Numerical Solution to system of balance law with ode system My question is realted to this one, but different. 
Governing equations
I need to simulate the following system, i.e. vector balance law + ode,
$$
\begin{array}{l}
\dfrac{\partial\mathbf{u}}{\partial t} + \dfrac{\partial\mathbf{F}(\mathbf{u})}{\partial x} = \mathbf{G}(\mathbf{u},a,b), \\
\dfrac{da}{dx} = q_1(\mathbf{u},a,b), \\
\dfrac{db}{dx} = q_2(\mathbf{u},a,b). \\
\end{array}
$$
With open boundary conditions (BC) and under some initial conditions (IC).
Questions
Q1.
Suppose, I would like to apply method of lines (MOL) and Runge-Kutta (RK) method. Should I derive differential-algebraic system (DAE), shouldn't I?
Q1.1 Is it possible to discretize initial system on a staggeded (leapfrog) grid by using MOL and RK tecnhiques?
Q2. How to simulate initial system in general?
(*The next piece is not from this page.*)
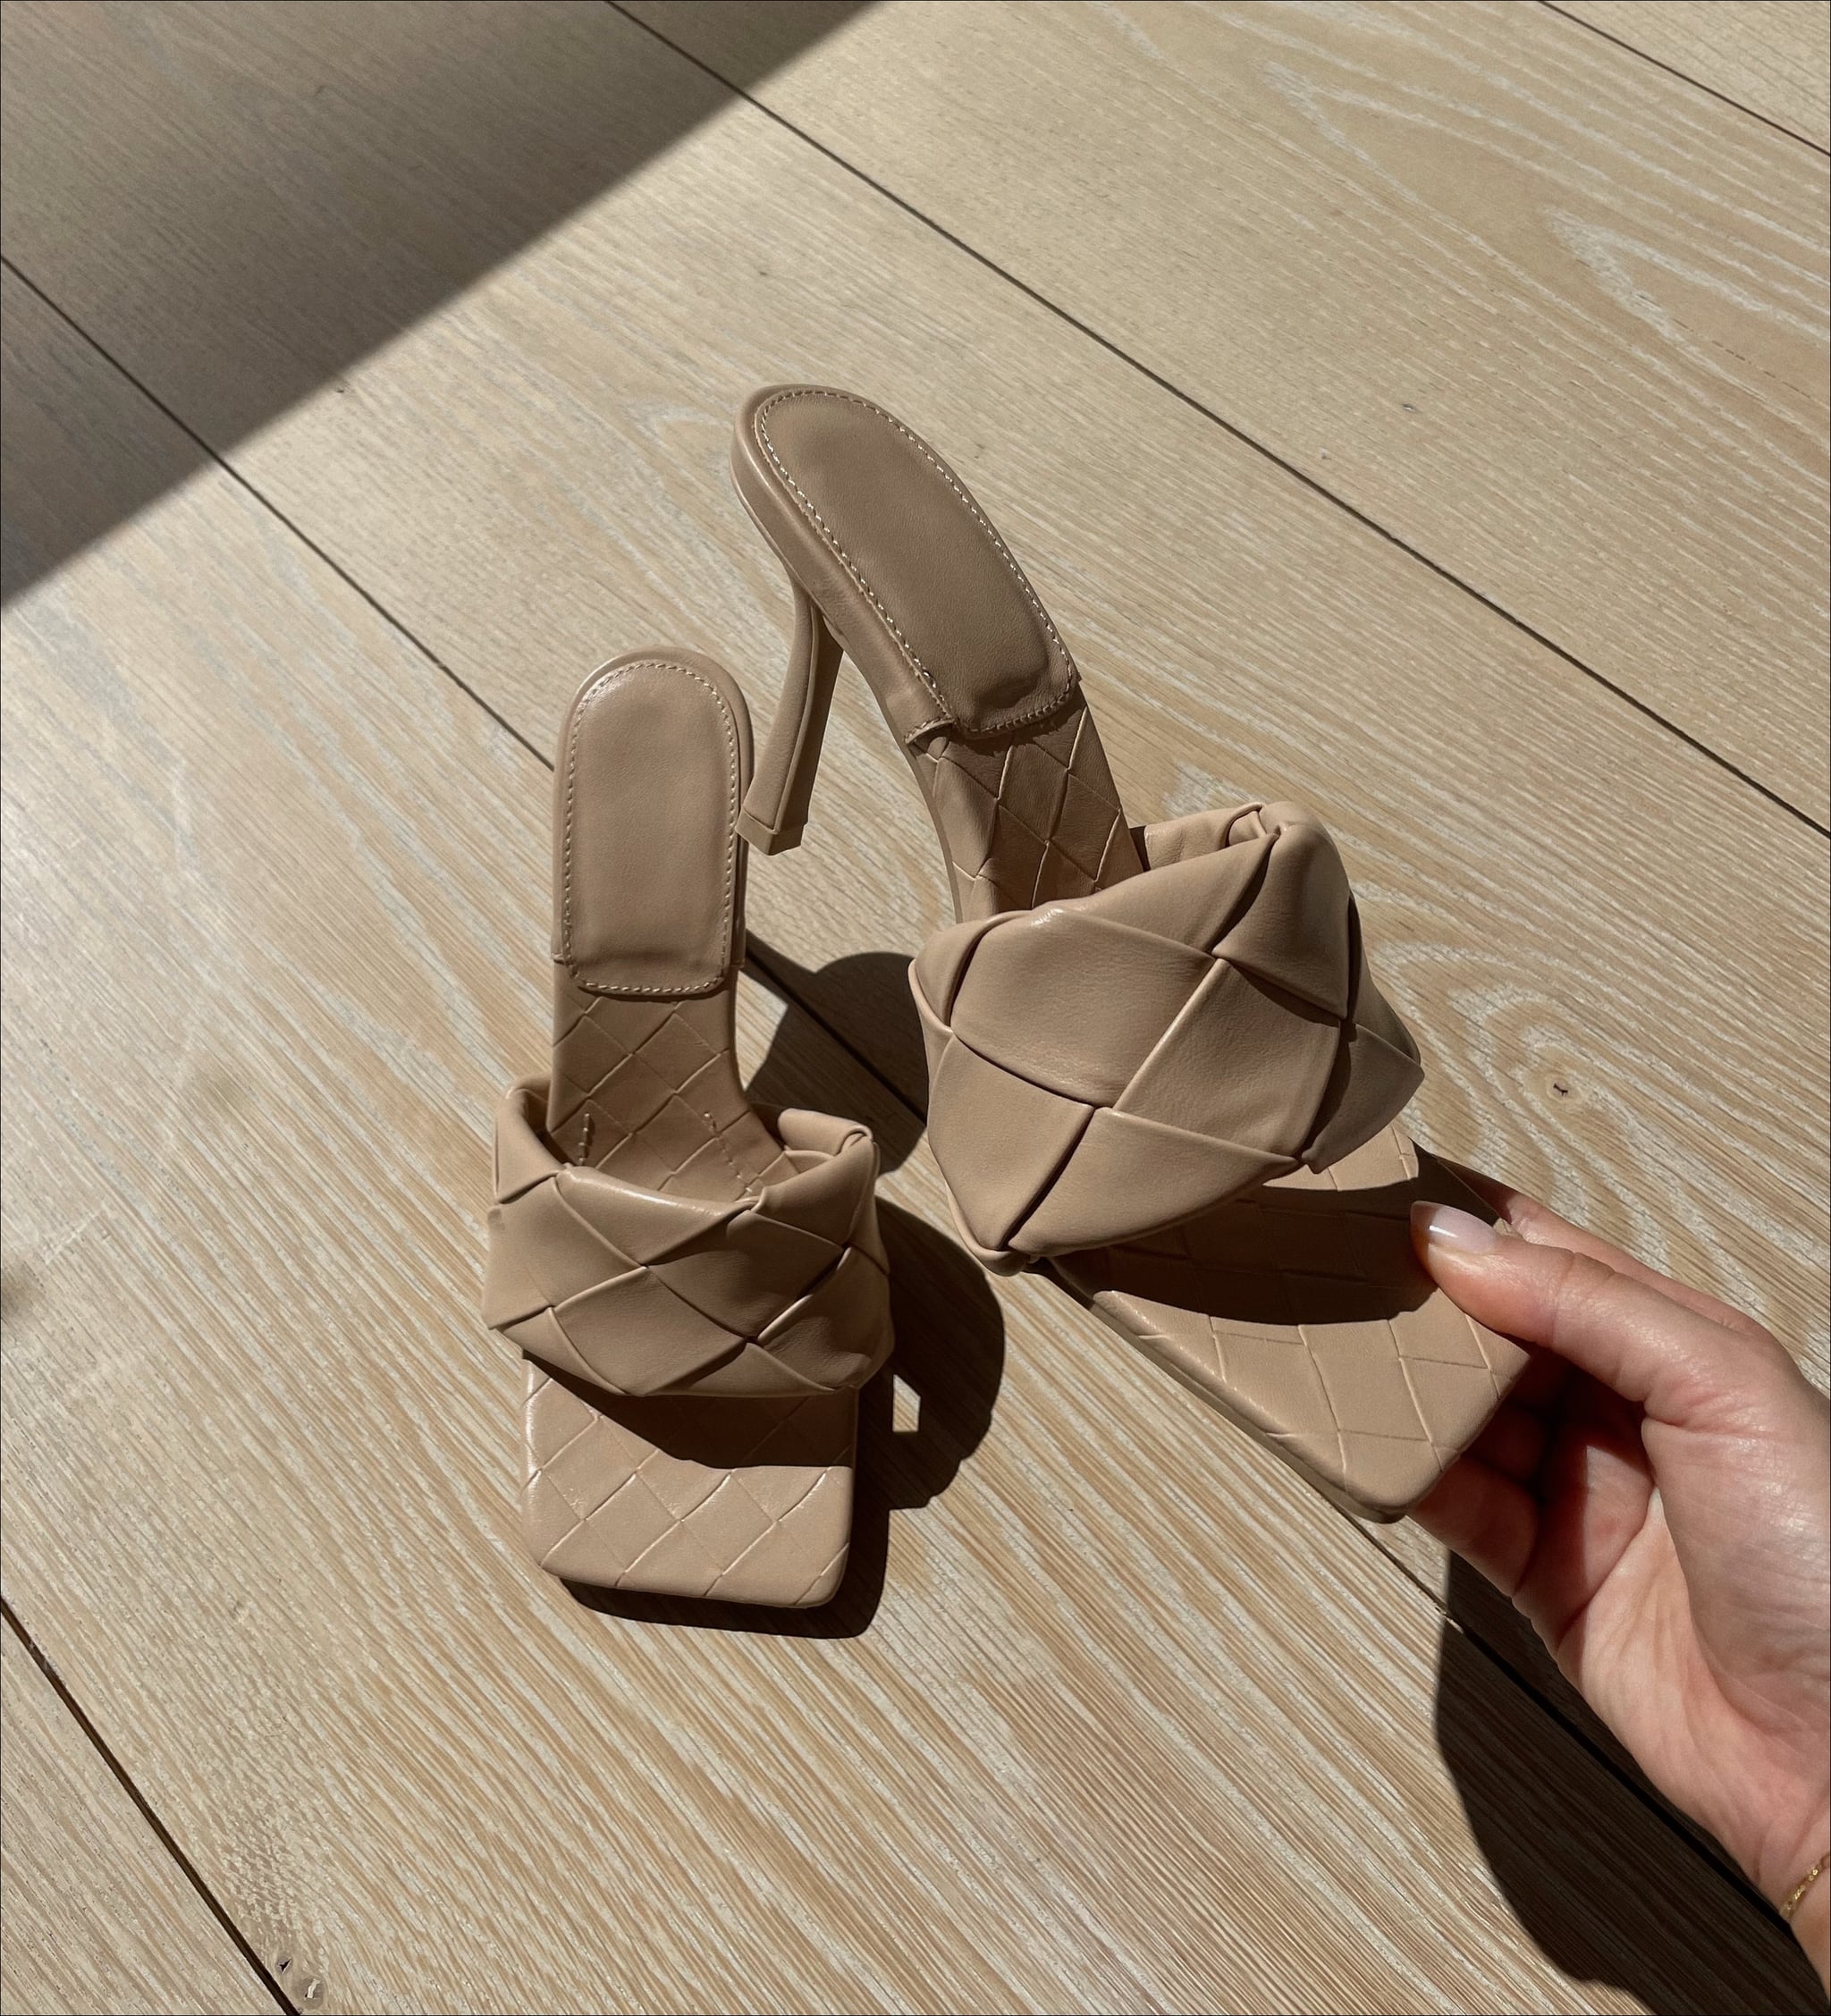 amazon under $50 heels and sandals

 A: By open boundary conditions, you maybe mean outflow boundary conditions, which are easy to implement (see e.g. the book by R.J. LeVeque, 2002).
A1. Yes.
A2. Yes, but there may be numerical issues such as a very restrictive stability condition, or numerical stiffness.
A3. You can actually follow the steps in the linked post by introducing a small parameter $\epsilon$ such that
$$
\begin{array}{l}
\dfrac{\partial\mathbf{u}}{\partial t} + \dfrac{\partial\mathbf{F}(\mathbf{u})}{\partial x} = \mathbf{G}(\mathbf{u},a,b), \\
\epsilon\dfrac{\partial a}{\partial t}+\dfrac{\partial a}{\partial x} = q_1(\mathbf{u},a,b), \\
\epsilon\dfrac{\partial b}{\partial t}+\dfrac{\partial b}{\partial x} = q_2(\mathbf{u},a,b). \\
\end{array}
$$
which is a system of balance laws of the form ${\bf q}_t + {\bf \Phi}({\bf q})_x = {\bf R}({\bf q})$. Then, one can split the left-hand side (propagation part) from the right-hand side (relaxation part). For example, one can choose to link the small parameter to the time-step as $\epsilon = \alpha (\Delta t)^\beta$.